Given information

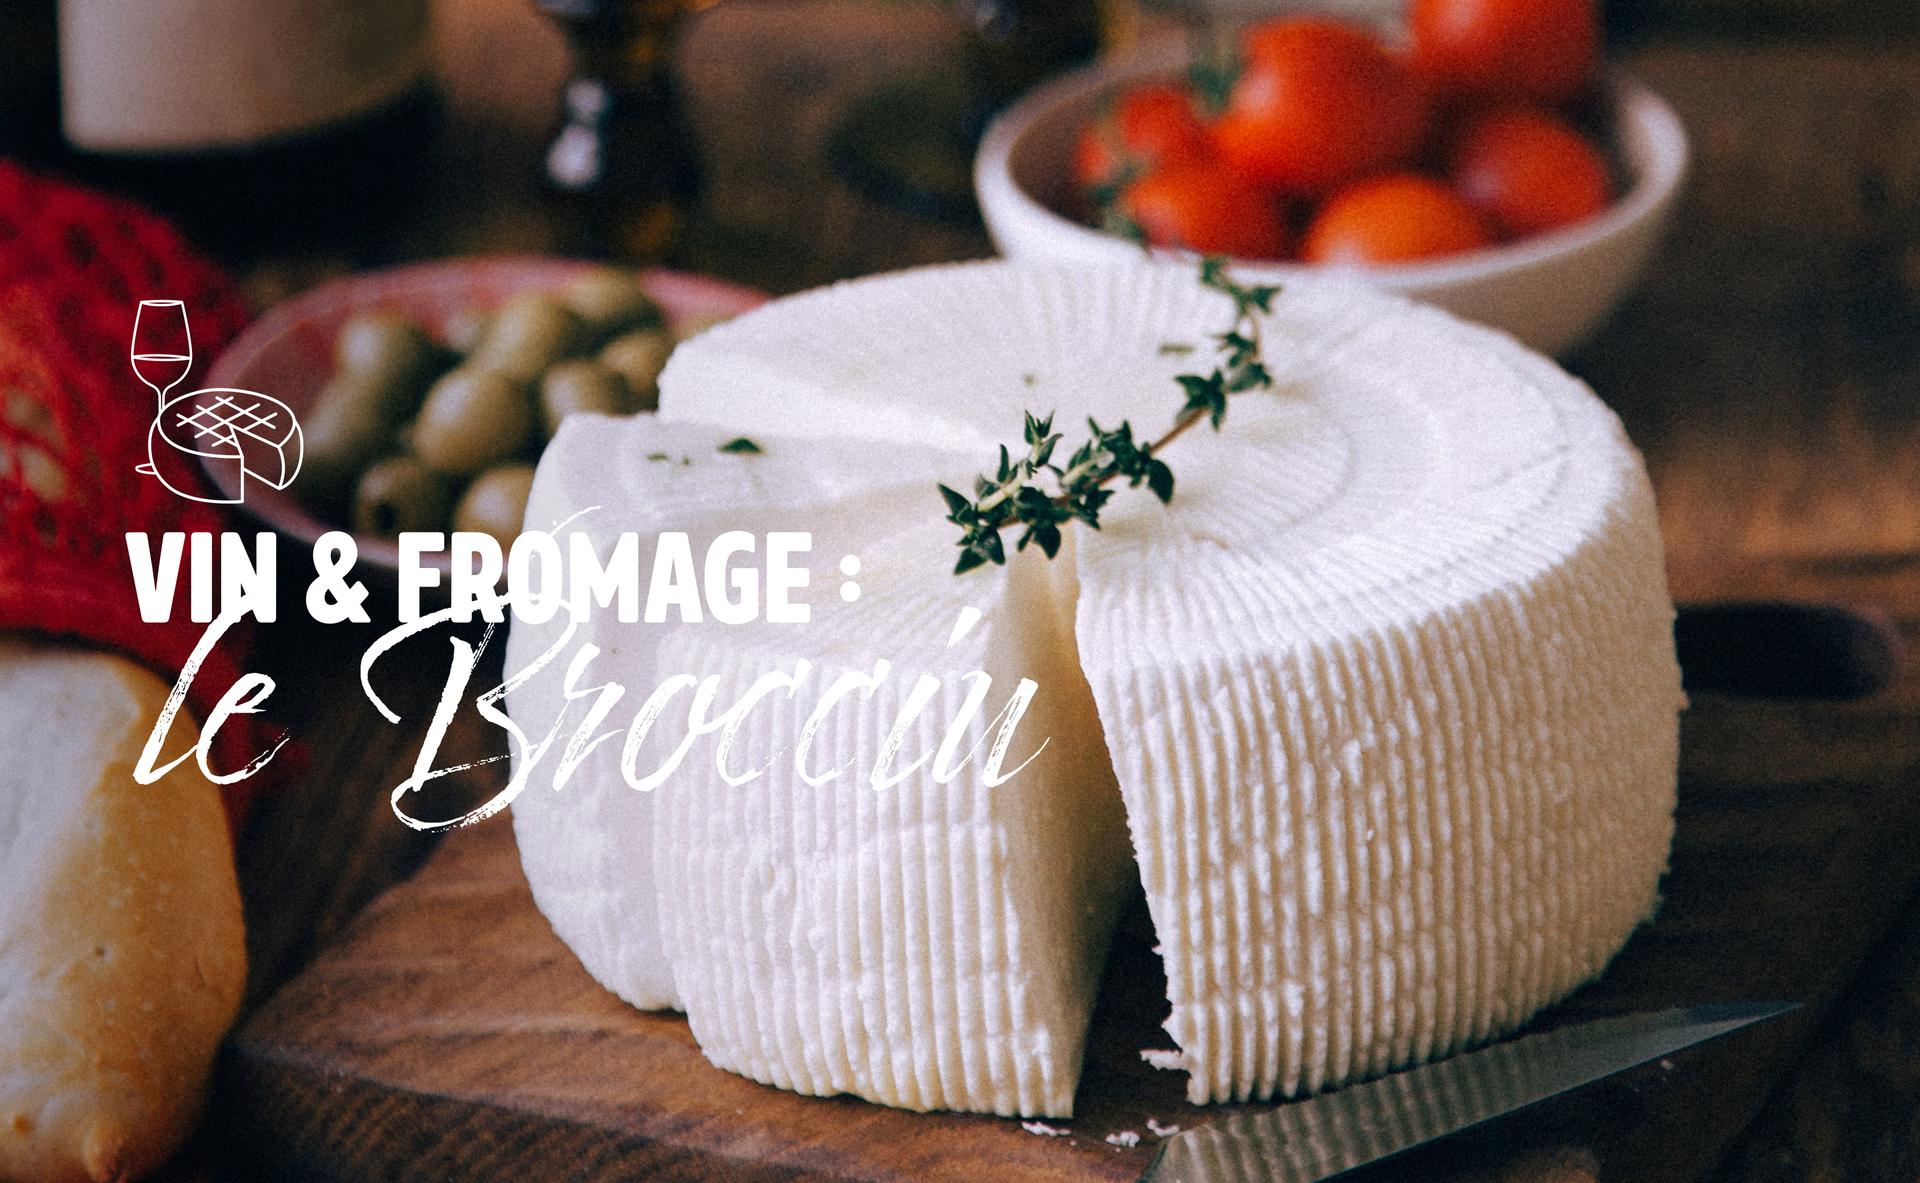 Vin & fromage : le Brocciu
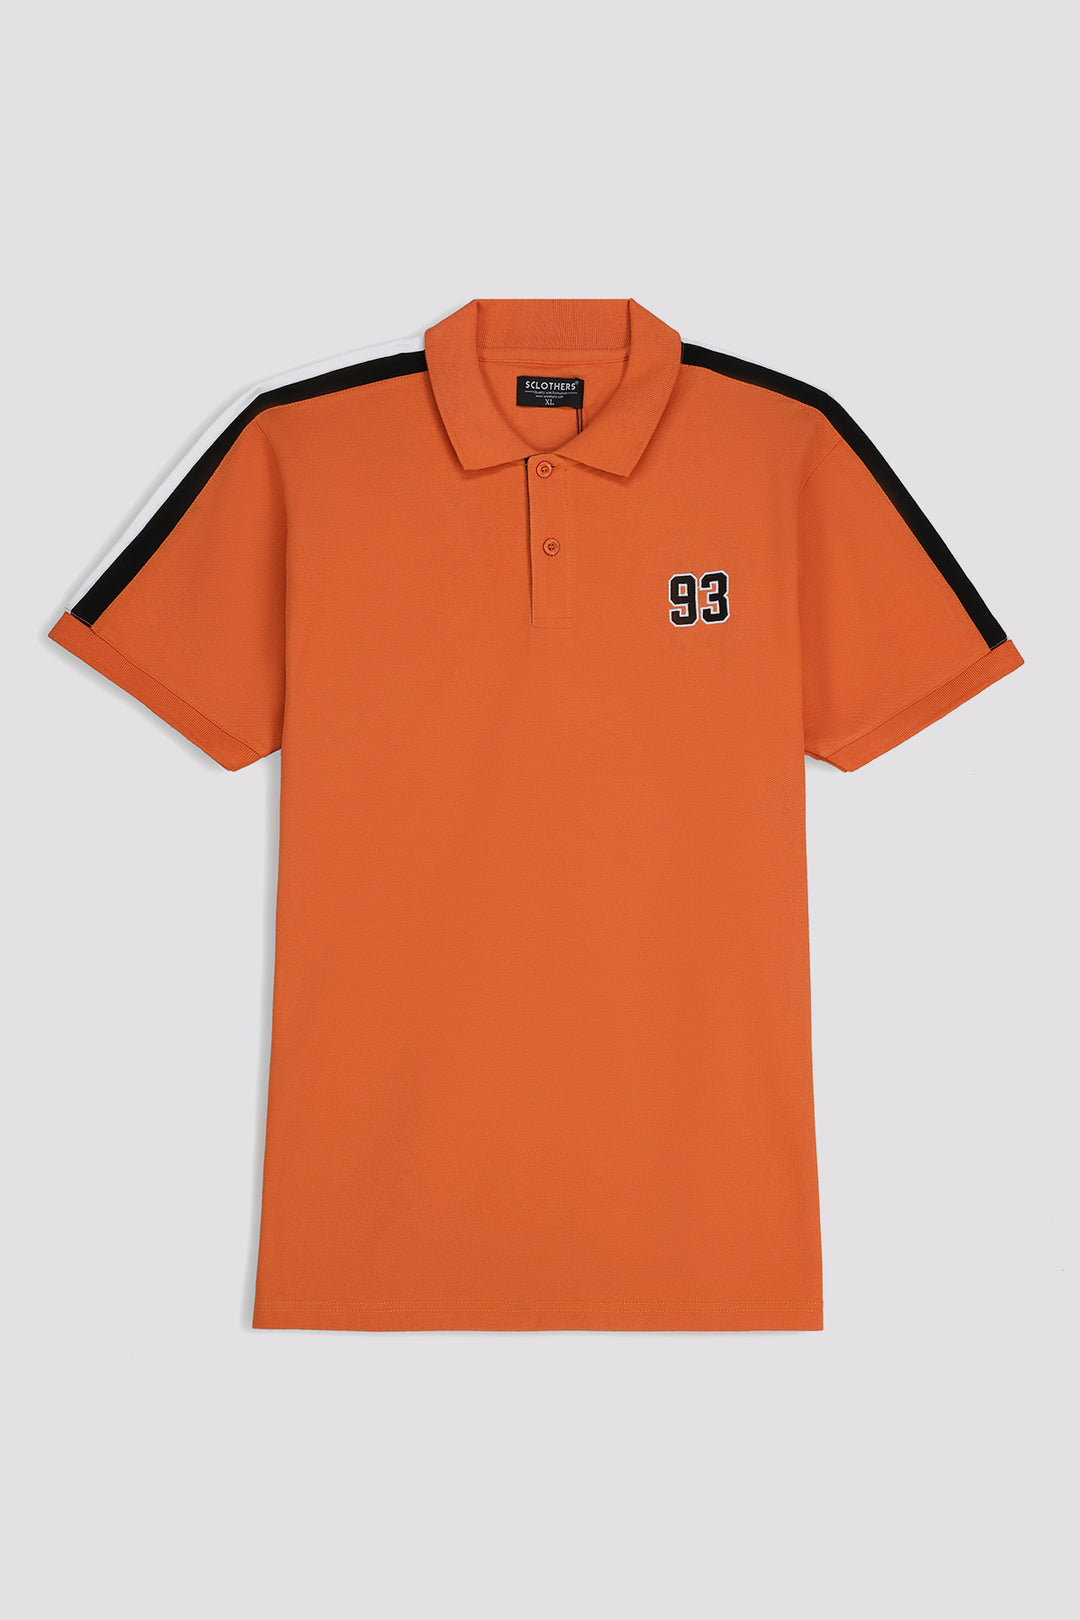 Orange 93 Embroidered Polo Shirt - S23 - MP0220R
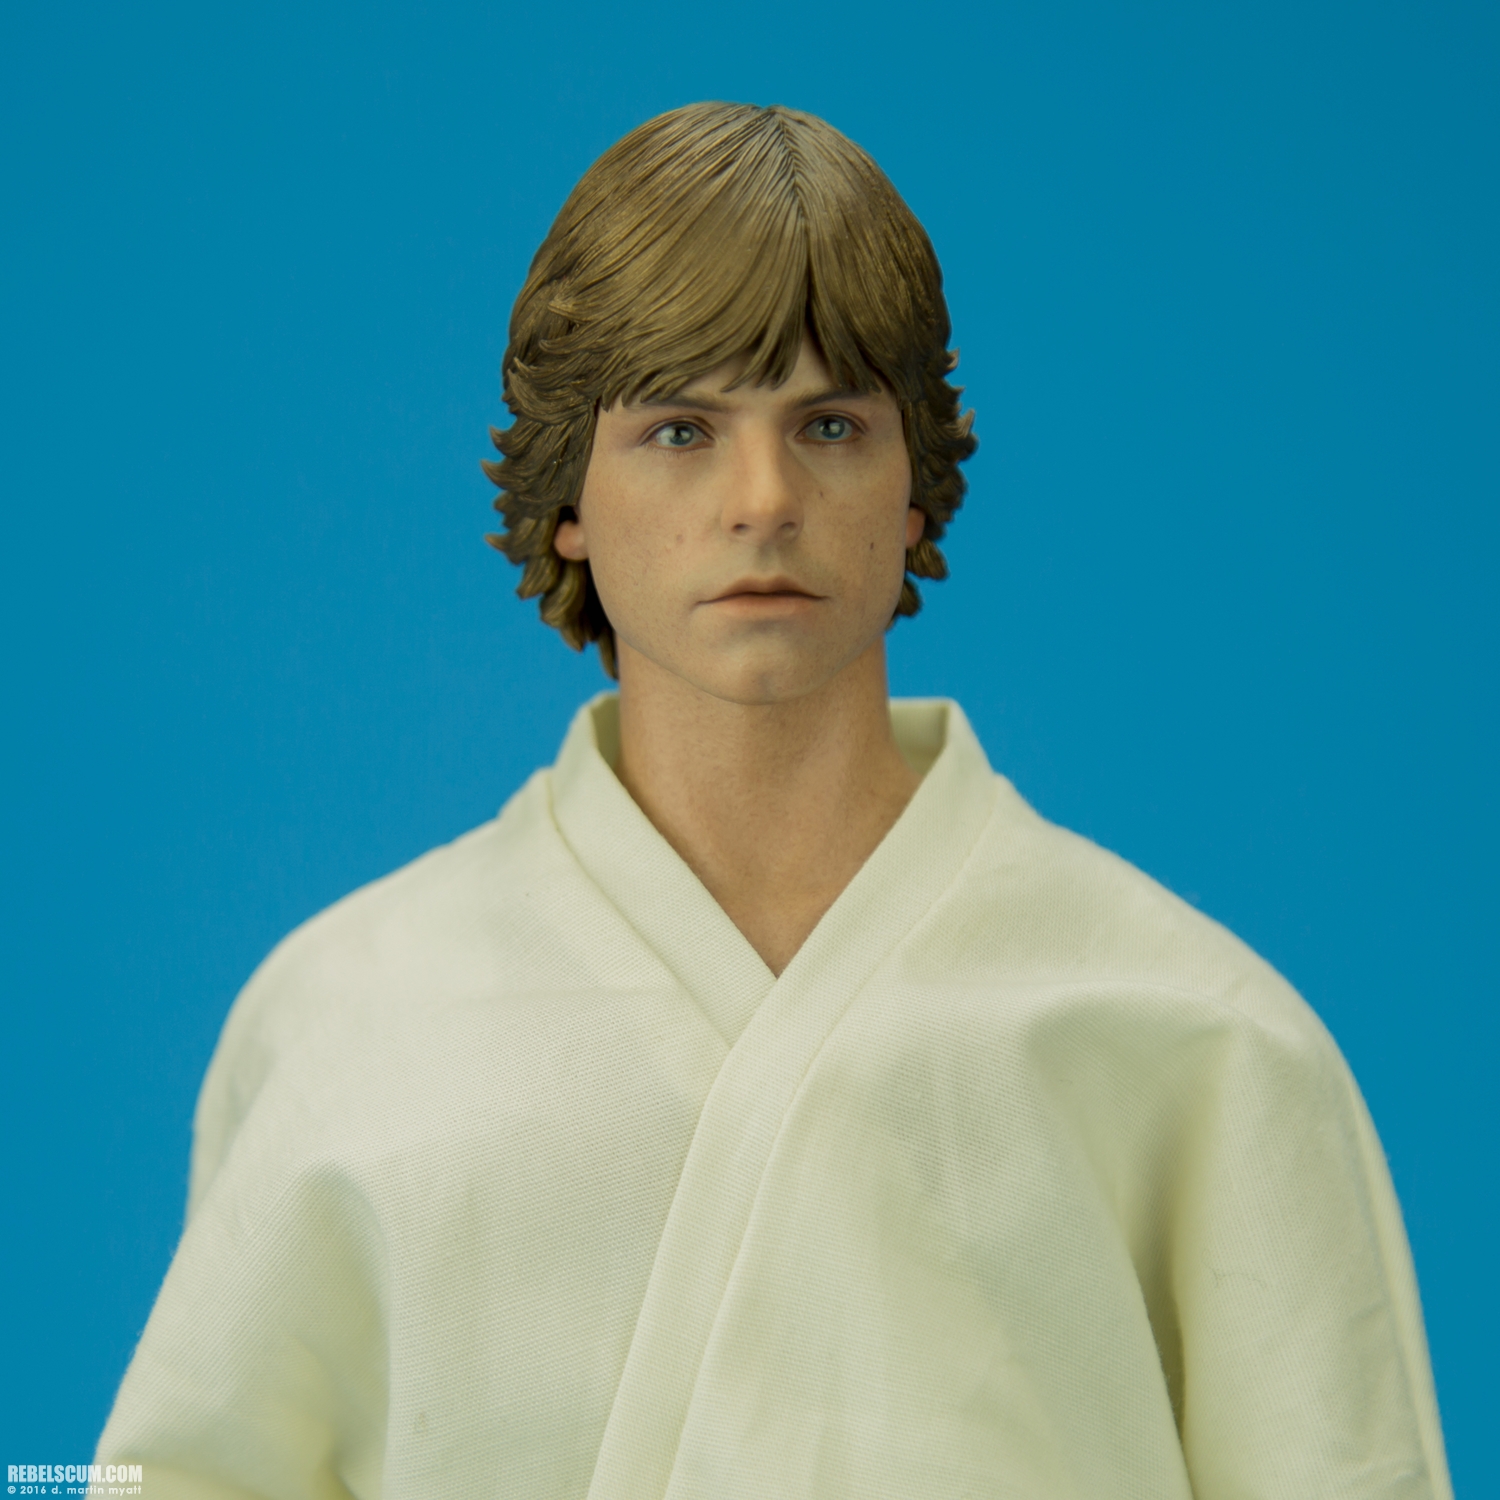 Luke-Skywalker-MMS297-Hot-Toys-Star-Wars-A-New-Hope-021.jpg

Required action
Restate the whole listing exactly as written, minus the pictures.

Output
 Vin & fromage : le Brocciu
 Orange 93 Embroidered Polo Shirt - S23 - MP0220R
 Luke-Skywalker-MMS297-Hot-Toys-Star-Wars-A-New-Hope-021.jpg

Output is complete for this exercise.